法律に矛盾した判決が出た!

 ところがモルガン・スタンレーはこの仕組みをつくらず、固定給として約183万円を支払う契約になっていました。

 本来、賃金は労働に対する対価として支払われるものです。しかしホワイトカラーの職種では、給料が高額になるほどその意味合いが薄れ、成果に対する報酬という意味合いが強くなります。

 モルガン・スタンレーも毎月183万円、賞与を入れると年に約3000万円もの賃金を支払っていますから、会社が期待する成果を上げるために労働者が時間外労働をするのは当然だと考えていたのでしょう。まさか残業代を請求されるとは思いもよらず、まったくリスクヘッジをしていなかったのです。

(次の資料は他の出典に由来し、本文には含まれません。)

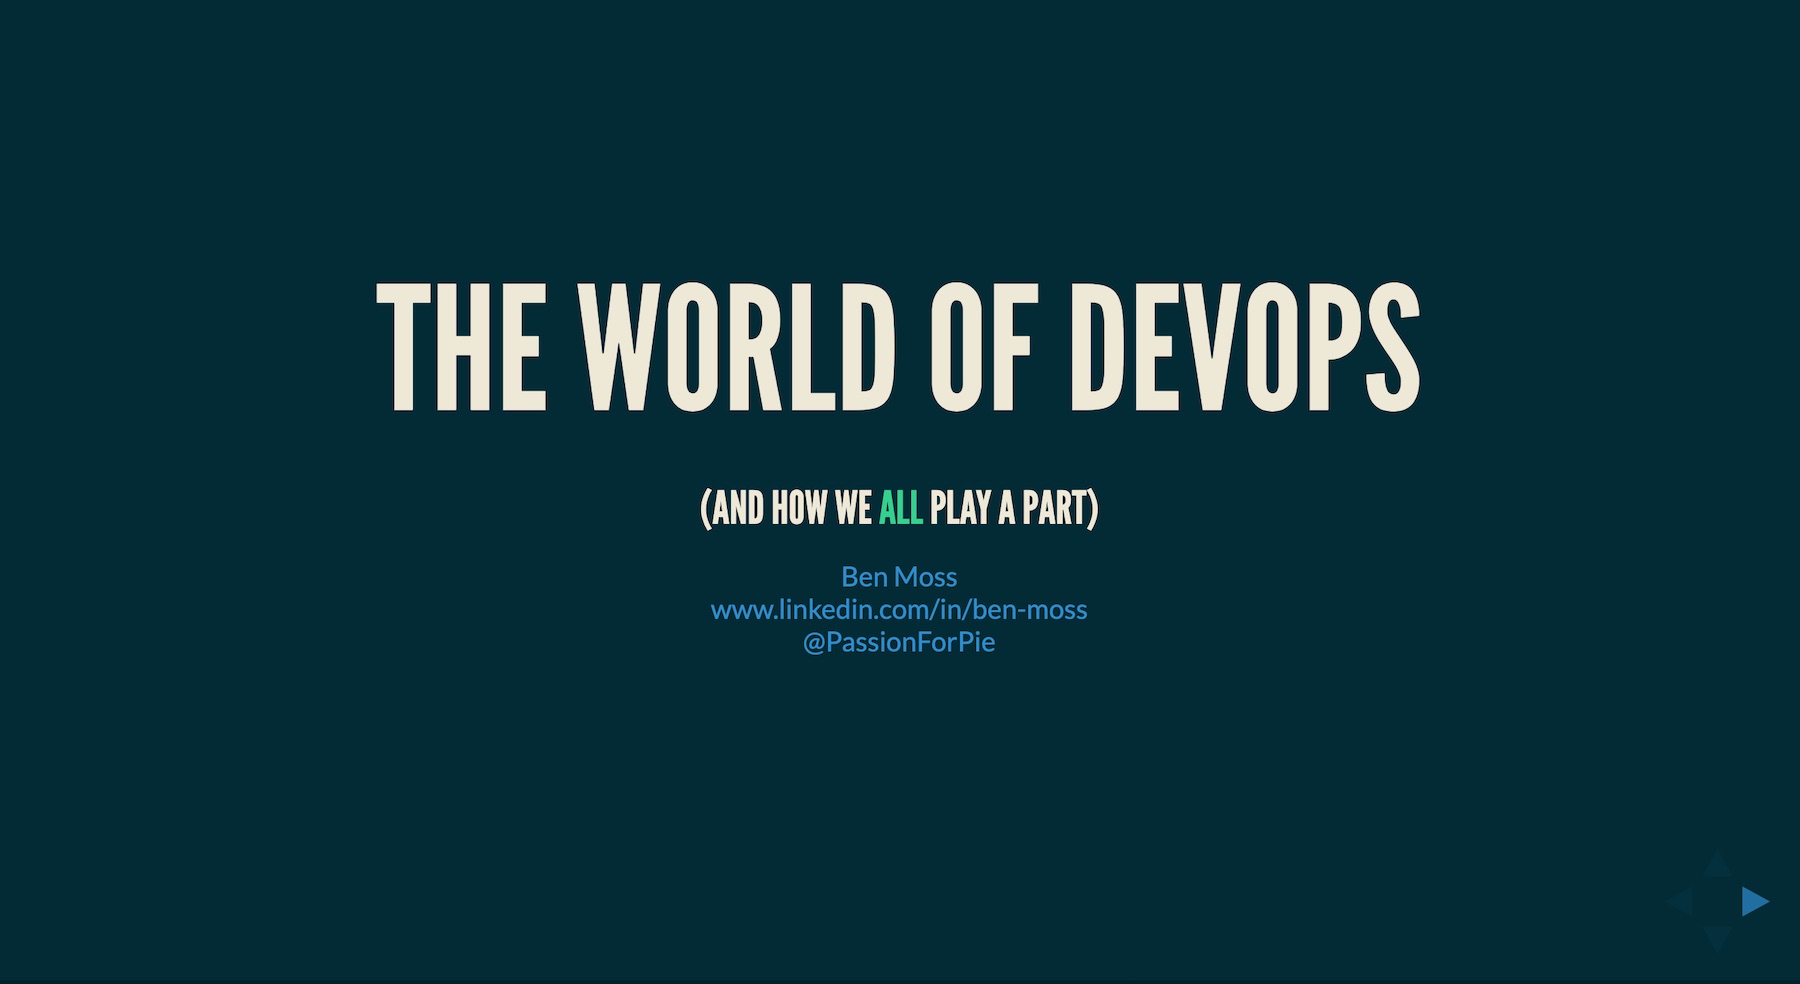 image from The World of DevOps (and how we all play a part)

 しかし裁判官は、固定給である183万円のなかに残業手当も当然含まれていると判断しました。労働者が自らの権利を濫用して制度を悪用していると考えたのでしょう。これだけの給料をもらっているのだから、残業代も入っているに決まっているだろうという理屈をつけ、会社を勝たせてしまったのです。

 形式的に考えれば、これは労働基準法や判例などの労働法のルールに反する判決です。会社にとってはありがたい判決ですが、裁判所が独自の判断で、高額所得の労働者に労働法を適用せず、残業代を請求する権利を認めなかったことには驚きました。

 やはり現行の労働法をすべての労働者に適用するのは、無理があるのでしょう。だからこそ裁判所も法律に矛盾した判決を下さざるを得ないのです。裁判所も現在の労働時間規制が現状に合わない、おかしいものであることは理解していると推測できます。